ISBN :
Возрастное ограничение : 16
Дата обновления : 08.05.2024
При этом служба, служба, служба изо дня в день до шестидесяти трех лет. Он вышел в отставку будучи директором Государственного Банка и заведующим всеми сберегательными кассами России. Каково?
А еще известен мой старый друг библиотекой – 20 000 пудов насчитали извозчики при переезде на новую квартиру, и – дружбой с букинистами: не было книги, которую он не мог бы добыть хоть в России, хоть за границей.
«Весьма признателен, – отвечал он. – Вот только неправильно вас известили. Я бублики люблю, а не сушки. Не сбегаете ли за бубликами?» – голос был сух и чрезвычайно серьезен. В то же мгновение я понял, что стал жертвой глупого розыгрыша.
Только растерянность спасла меня. Петр Александрович рассмеялся, обнял меня за плечи, повел в кабинет. «Ну что ж, – сказал, – во зло всем остроумцам поставим чай!»
Так началась наша многолетняя дружба. Очень вовремя я появился.
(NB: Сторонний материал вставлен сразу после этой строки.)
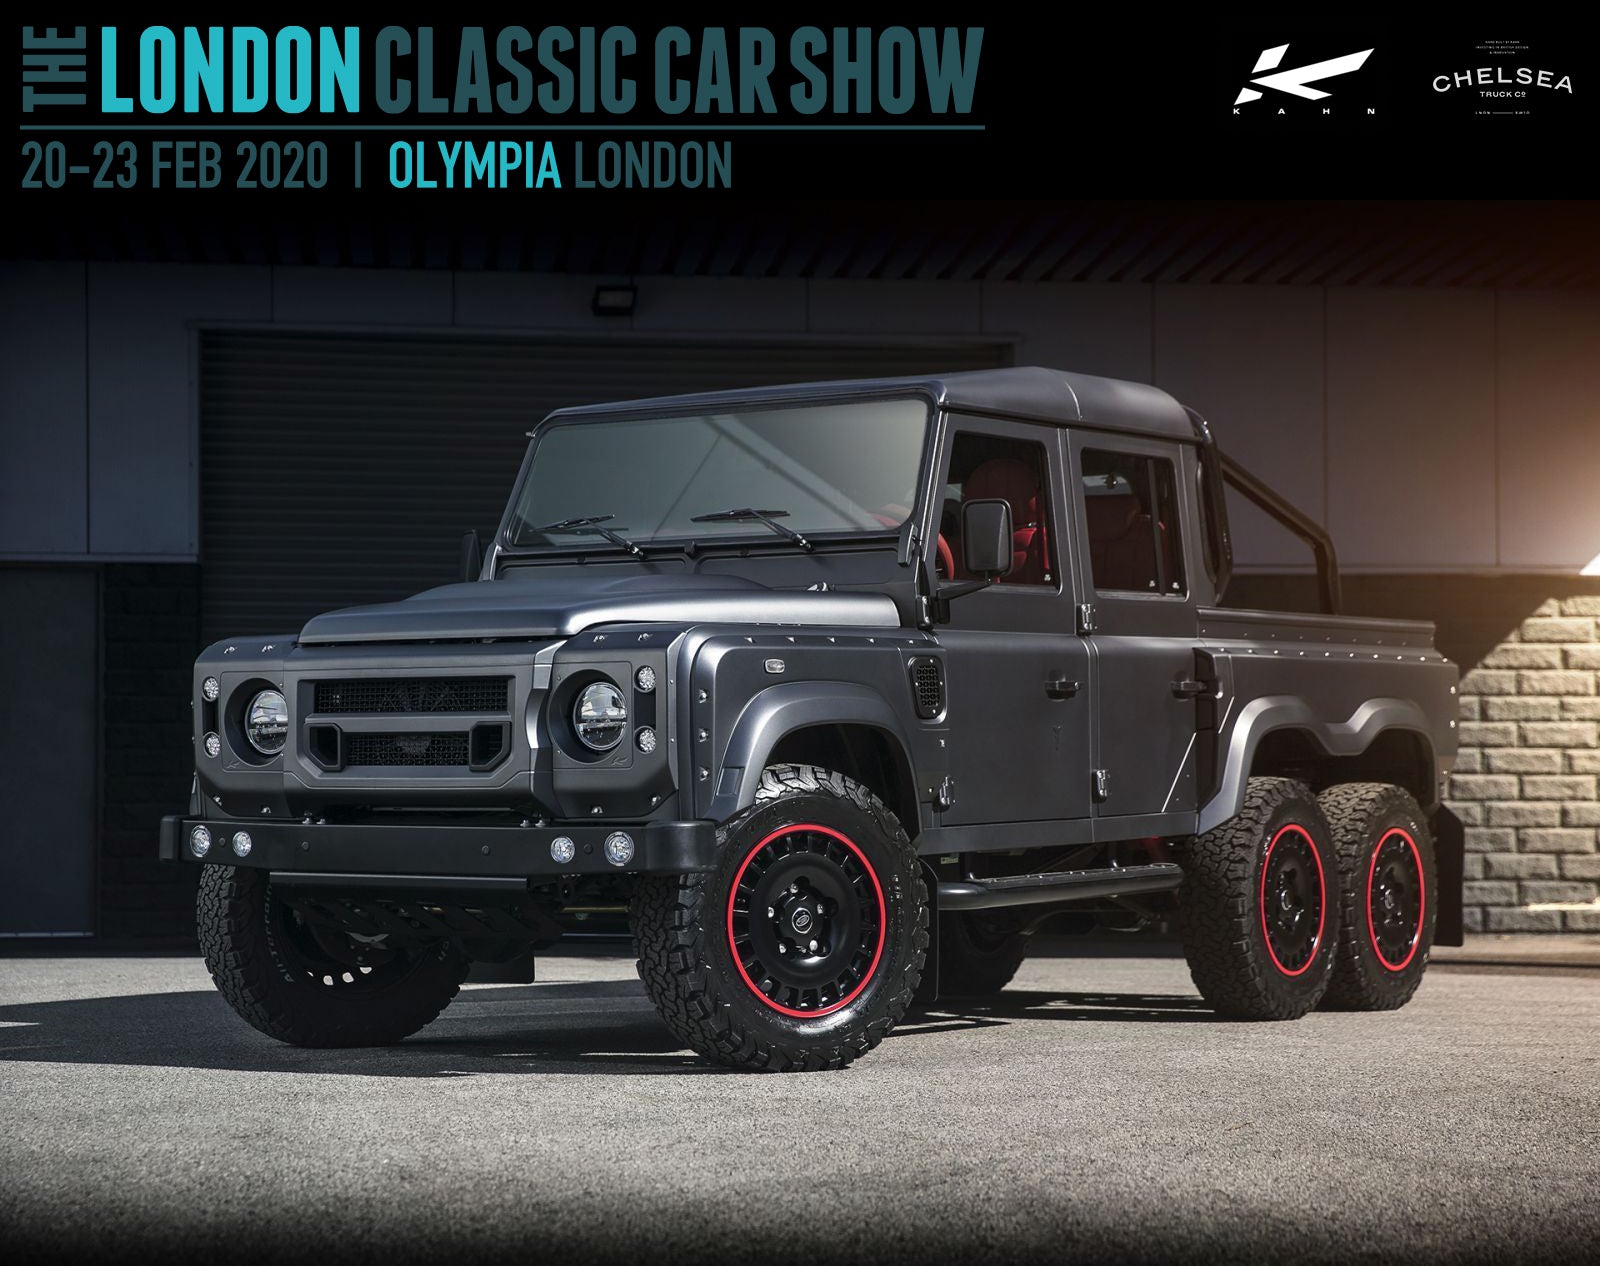 Chelsea Truck Company and Kahn Design at the London Classic Car Show

Петру Александровичу хотелось иметь старательного ученика, мне – учителя, оба мы хорошо соответствовали таким ролям, хотя продолжателем его дела мне стать не довелось… Были на то свои причины.
Судя по ехидству письма, Петр Александрович был не плох, что меня и обрадовало: снимало чувство вины перед стариком. В часы недуга он становился мирен, великодушен, щедр на ласку и похвалу.
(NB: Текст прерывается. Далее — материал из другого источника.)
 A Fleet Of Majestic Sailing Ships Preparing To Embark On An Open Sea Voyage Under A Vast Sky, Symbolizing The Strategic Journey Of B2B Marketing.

Помню первый мой «вторник» у Петра Александровича – тогда, тридцать три года назад. Он ввел меня в залу и произнес: «Господа, любите ли вы баранки? – то-есть, спародировал слова нашего известнейшего критика. – Нет, вы не любите баранки, если не знакомы c Павлом Дмитриевичем Сильчевским!» И рассказал о моем давешнем визите от Толля. С того дня всю жизнь каждый вторник, за вычетом моих ссылок, я проводил у него.
Собирались у Ефремова к восьми, а я опоздал – опять задержал вреднейший из вреднейших, и успел только к половине десятого, когда подавали чай. Ожидал непритязательных шуток, вроде – «где баранки, господин Бубликов?», веселой толкотни у самовара, а увидел залу с единственной свечой на круглом столе и сумрачных гостей вдоль стен.
Прежде на «вторниках» бывали самые разные люди, не только литераторы. Захаживали академик Грот, сенатор Репинский, отец и сын Кони, пианист Герке… Собирались иной раз до двадцати человек, а ныне круг сузился и устоялся. Как обычно, я застал здесь Скабичевского и Златовратского, Протопопова и Ясинского… Был и некий незнакомый человек простого или, как теперь говорят, пролетарского вида, что означает – немытый, нечесаный, голодный, наглый. Впрочем, прошу простить, здесь я позднейшее впечатление перенес на первое. Сперва я не рассмотрел его. От единственной свечи черты лица казались то беззащитными, то зловещими, соответственно и возраст – от юного до пожившего.
Когда-то я привел сюда Кибальчича. Он просидел в уголке весь вечер, ни разу не вступив в споры, и даже за чаем, когда гости запели традиционную хвалу хозяину – сам собирал летом травы, Кибальчич не подал голоса. «Что ваш одинокий гений? – поинтересовался Петр Александрович в очередной вторник. – Не понравилось ему у нас?.. Странный молодой человек».
Однако Кибальчичу как раз понравилось. «Какие славные старички, – сказал по дороге домой. – Так бы и сидел до утра».
Но какие же «старички»? Публика у Ефремова собиралась в самом расцвете сил… А формулу «одинокий гений» я услышал еще не раз – в редакции «Слова», а потом и в «Новом обозрении» – в другом варианте: сумрачный.
Когда Кибальчича арестовали, Ясинский, знакомый с ним по «Слову», обожал рассказывать, что обо всем догадывался, что господин «Самойлов» с первой встречи производил жутковатое впечатление. Что после взрыва в Зимнем его пытались спровоцировать на откровенность, дескать, пора, пора устроить настоящий камуфлет. «Как вы, господин Самойлов, считаете? Что, если попробовать?» «П-попробуйте», – невозмутимо отвечал Кибальчич. А вот о том, как все они в «Слове» перепугались, когда «Самойлова» арестовали, рассказывать не любил.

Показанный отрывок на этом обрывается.